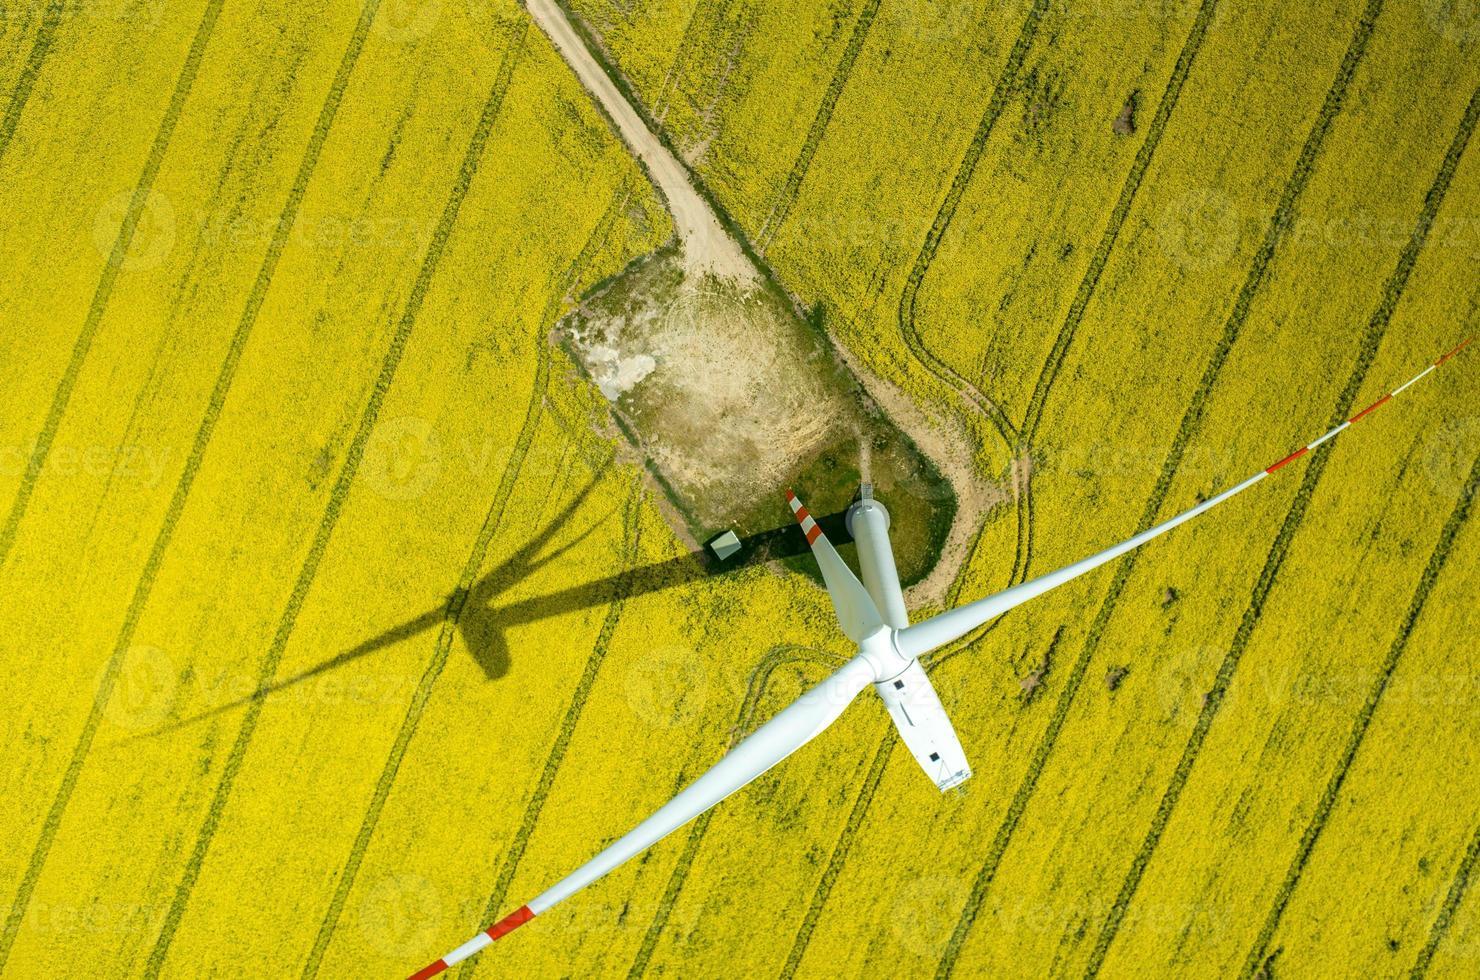 Windmills aerial view photo
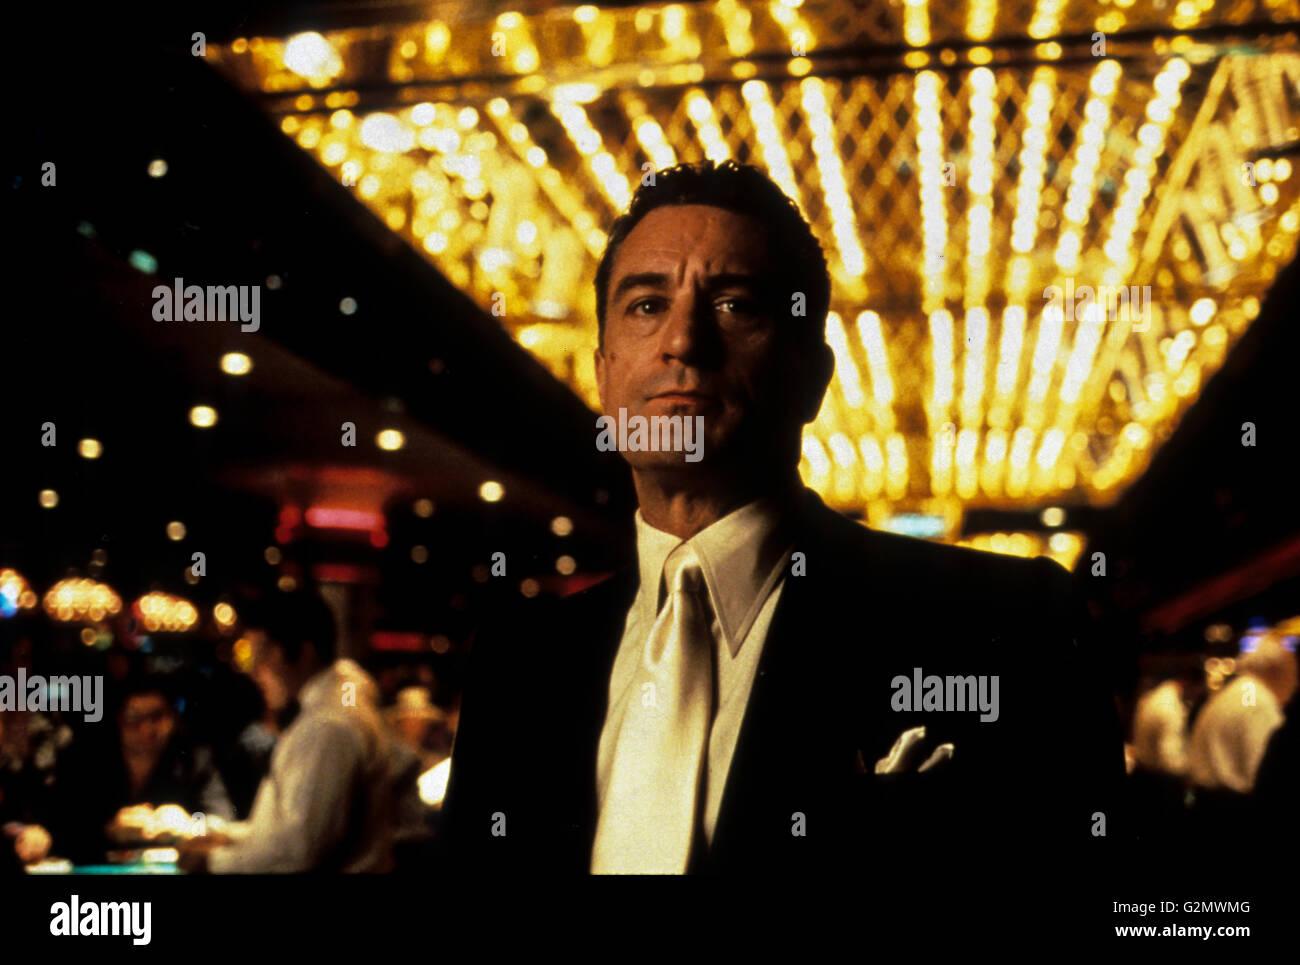 robert de niro,casino - Stock Image
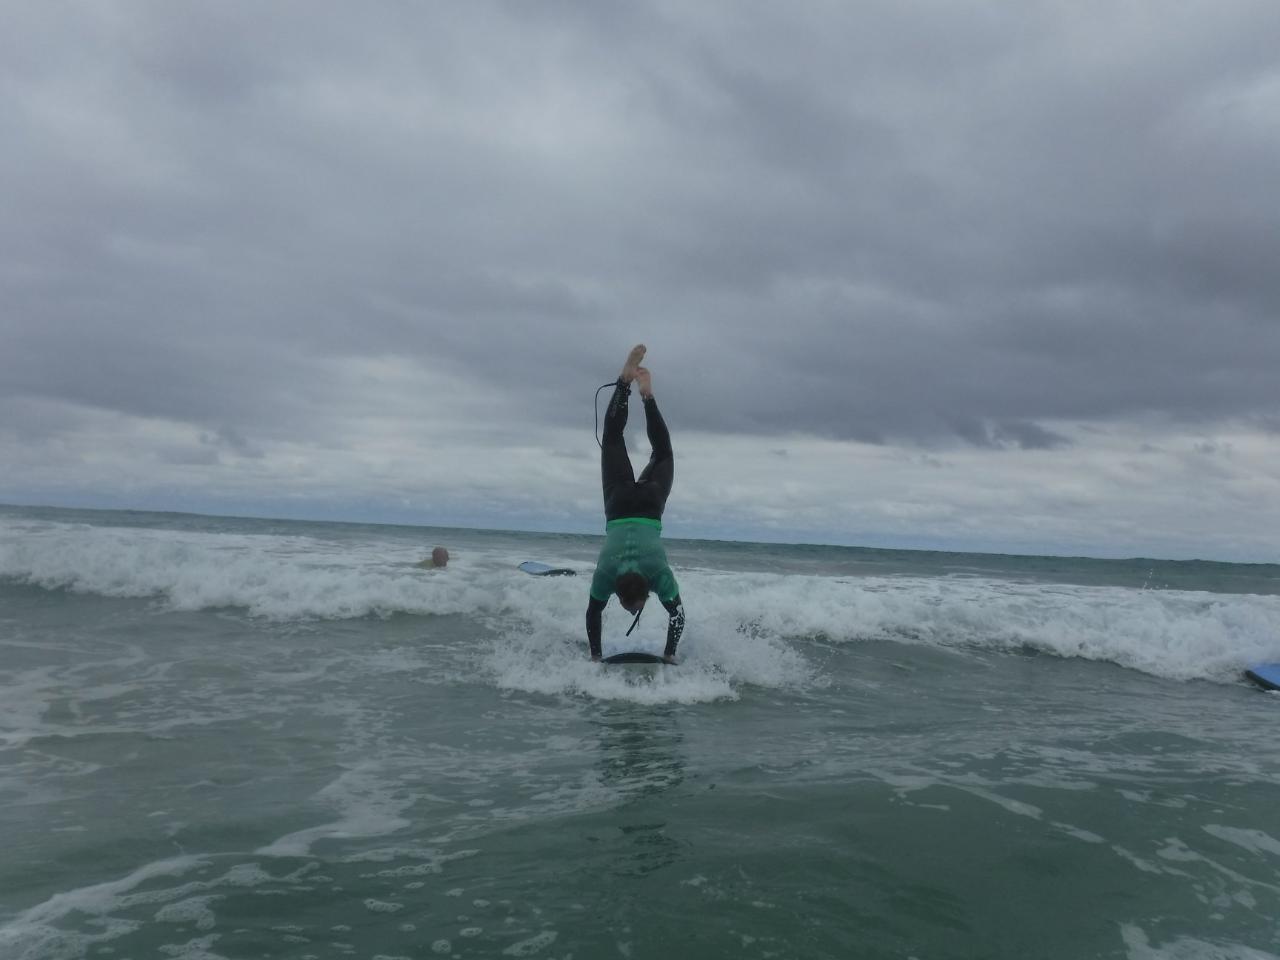 Surfboard Hire

○ ○ ○ ○ ○

Using the material above, return every line exactly as it appears, minus the pictures.

 Windmills aerial view photo
 robert de niro,casino - Stock Image
 Surfboard Hire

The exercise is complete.